March 21, 2019 at 8:06 p.m. EDT
Camp Ashland, an Army National Guard facility near Ashland, Neb., is swamped after a levee on the Platte River failed. (Nebraska National Guard/EPA-EFE/Shutterstock)

As the waters rose along the Mississippi River in 1927, people patrolled the levees with guns, occasionally taking a boat across in attempts to sabotage the opposing bank to relieve the mounting pressure on their own property. The flooding that year, which left a million people homeless and drowned half the region’s livestock, launched the Army Corps of Engineers on a mission — to tame the nation’s central arteries by building bigger levees and creating spillways to control flooding.

In the decades that followed, that approach has both protected numerous heartland communities from high waters and created a false sense of security for people who have increasingly populated flood plains. It also has led to agonizing decisions whenever monumental floods have come.

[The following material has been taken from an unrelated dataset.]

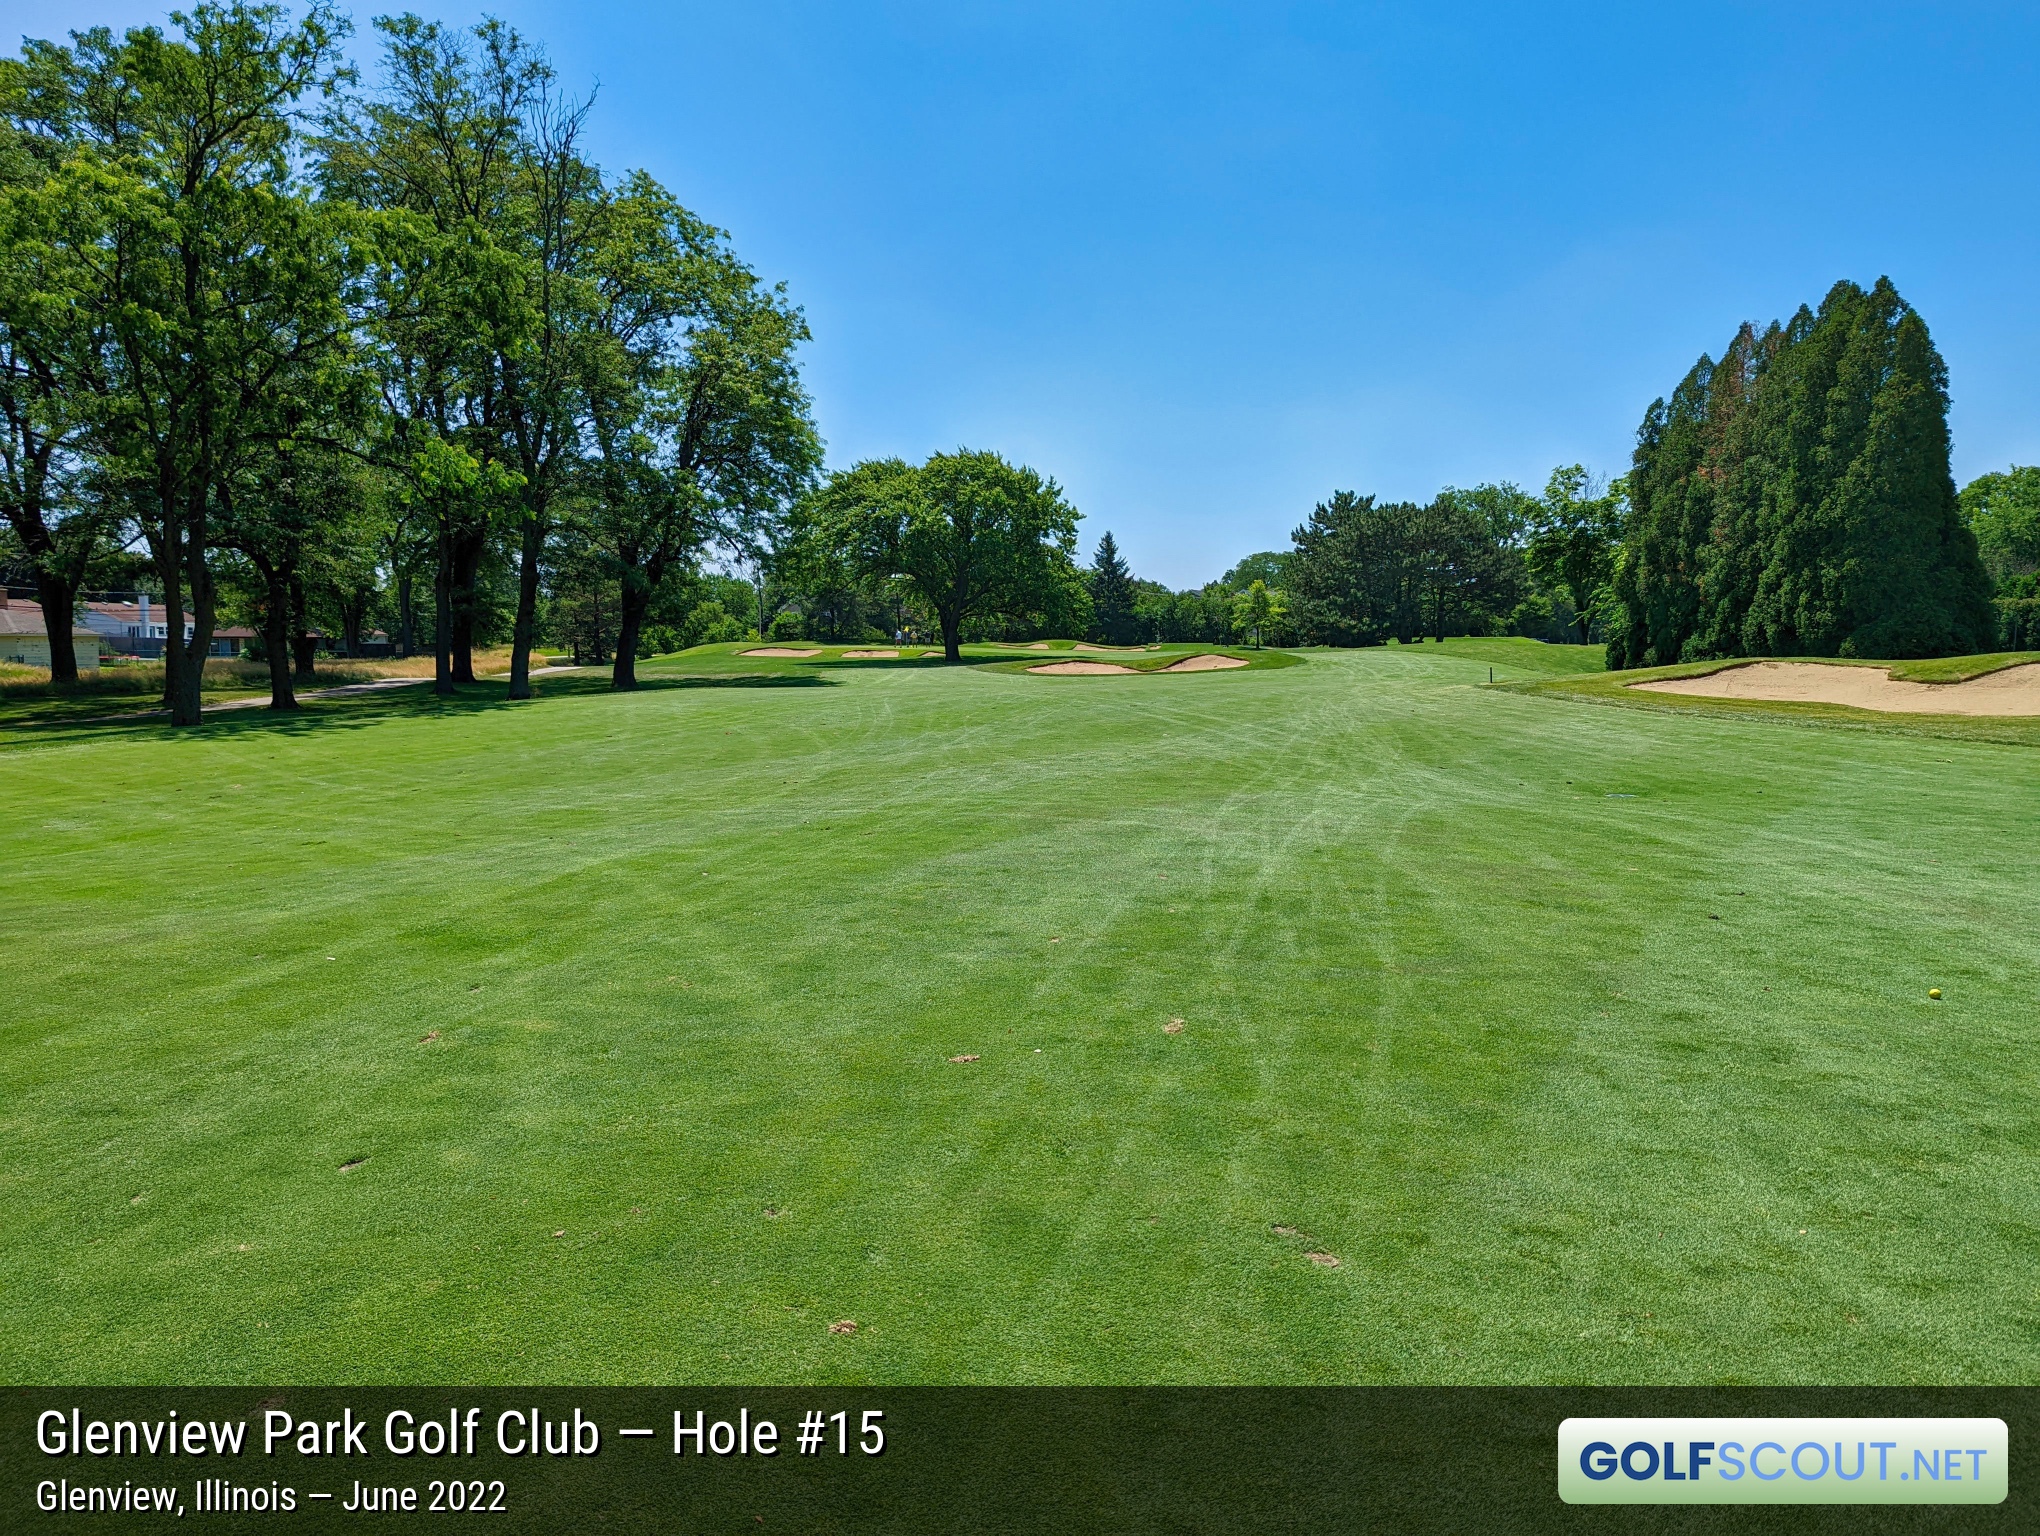 Photo of hole #15 at Glenview Park Golf Club in Glenview, Illinois. 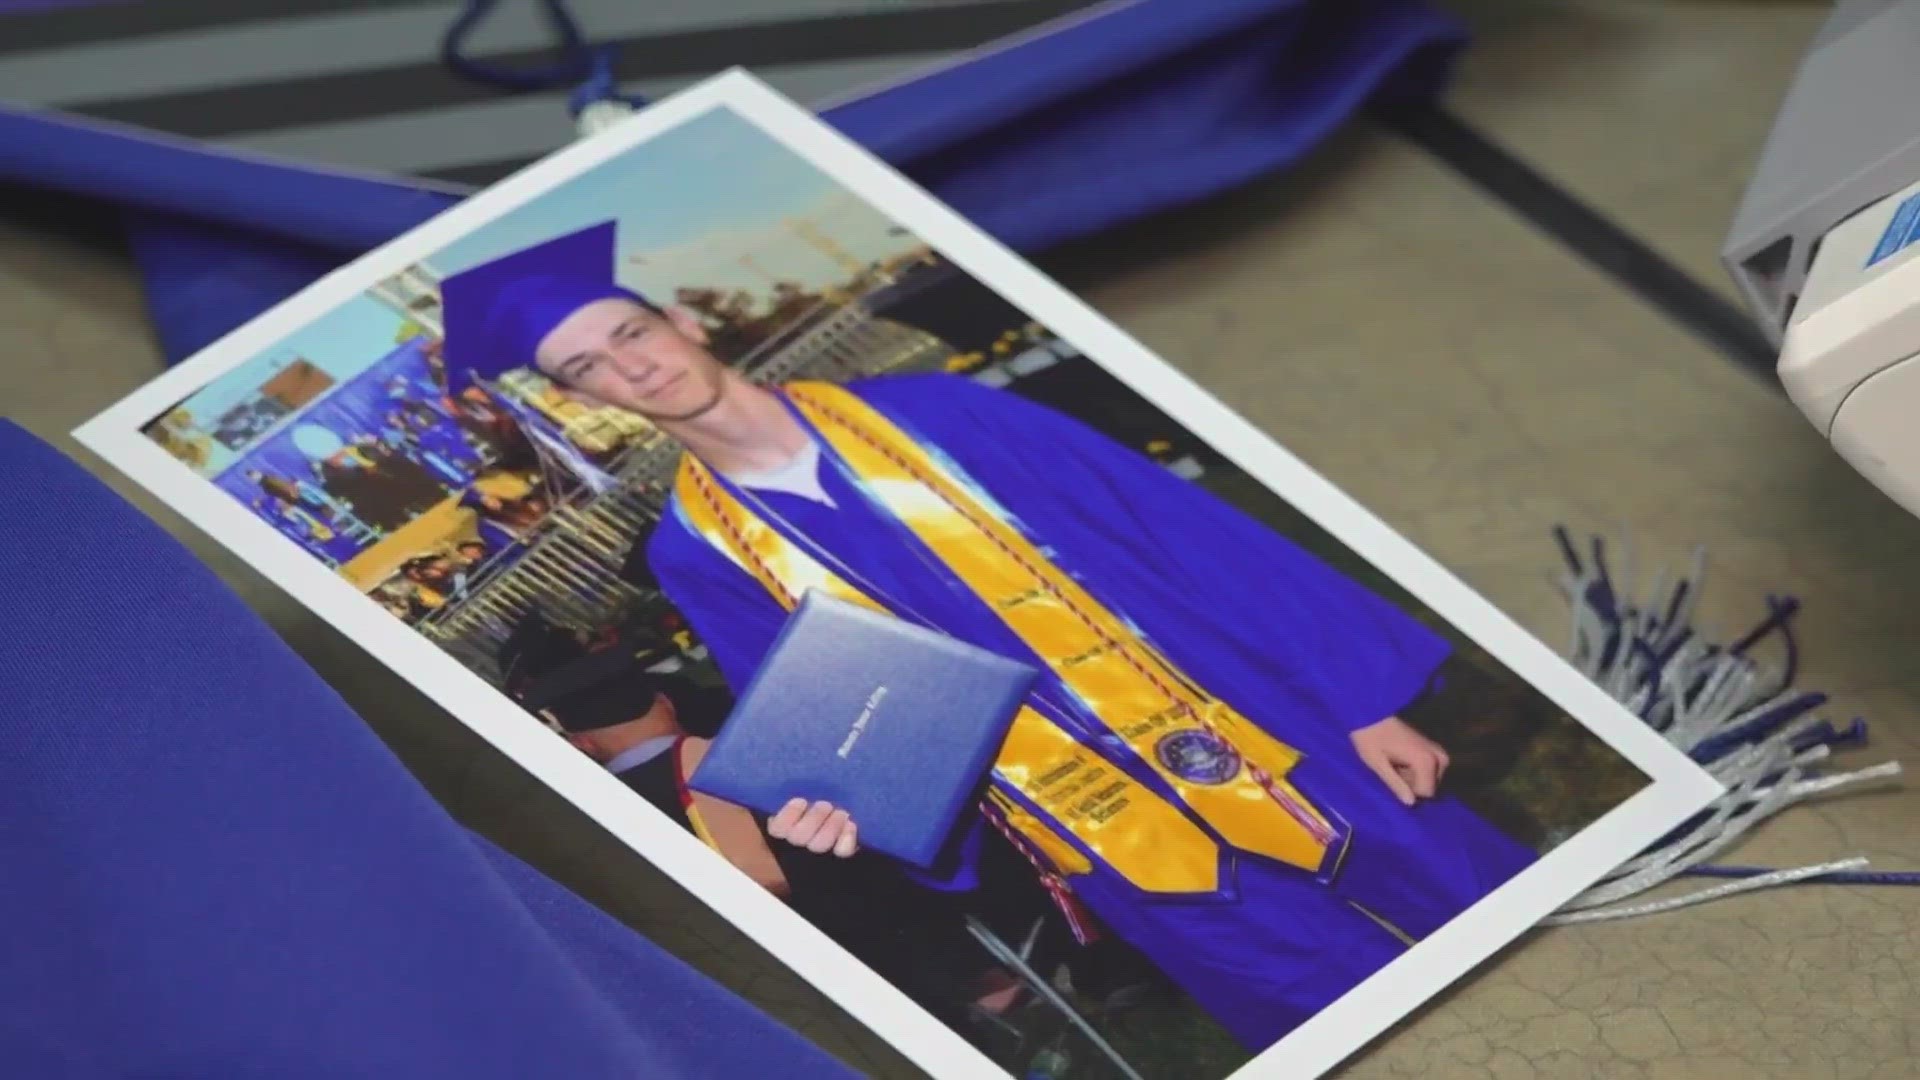 When the Turlock High School senior Hayden Elliott crosses the stage again on June 2, this time he will be getting a high school diploma.

Now, as the rivers fed by a massive late-winter “bomb cyclone” churn south, the nation’s patchwork flood protection system is once again revealing its strengths, its vulnerabilities and the constantly competing interests of farmers, city dwellers, wildlife and industry. The ongoing disaster unfolding in the Midwest also has revitalized the long-running debate over whether to continue to try to control rivers or to make more room for them to swell.

On Thursday in Missouri, Mike Parson (R) became the latest governor to declare a state of emergency, following Iowa, Wisconsin and Nebraska, where 96 cities, 79 counties and four tribal areas had made similar declarations.

Even as floodwaters continue to rise, the National Oceanic and Atmospheric Administration warned Thursday that a devastating spring lies ahead.

“We expect the flooding to get worse and become more widespread,” Mary Erikson, deputy director of NOAA’s National Weather Service, told reporters. “The stage is set for record flooding now through May.”

Erikson said the flooding “could be worse than anything we have seen in recent years,” including the devastating floods in 1993 and 2011, considered among the worst in U.S. history.

Because of river levels that are already high, hefty snowpack in the Northern Plains and above-normal soil moisture, “conditions are primed” for more flooding, said Edward Clark, director of NOAA’s National Weather Center. “This is potentially an unprecedented flood season,” he said.

And the levee system is not centralized under one governing body.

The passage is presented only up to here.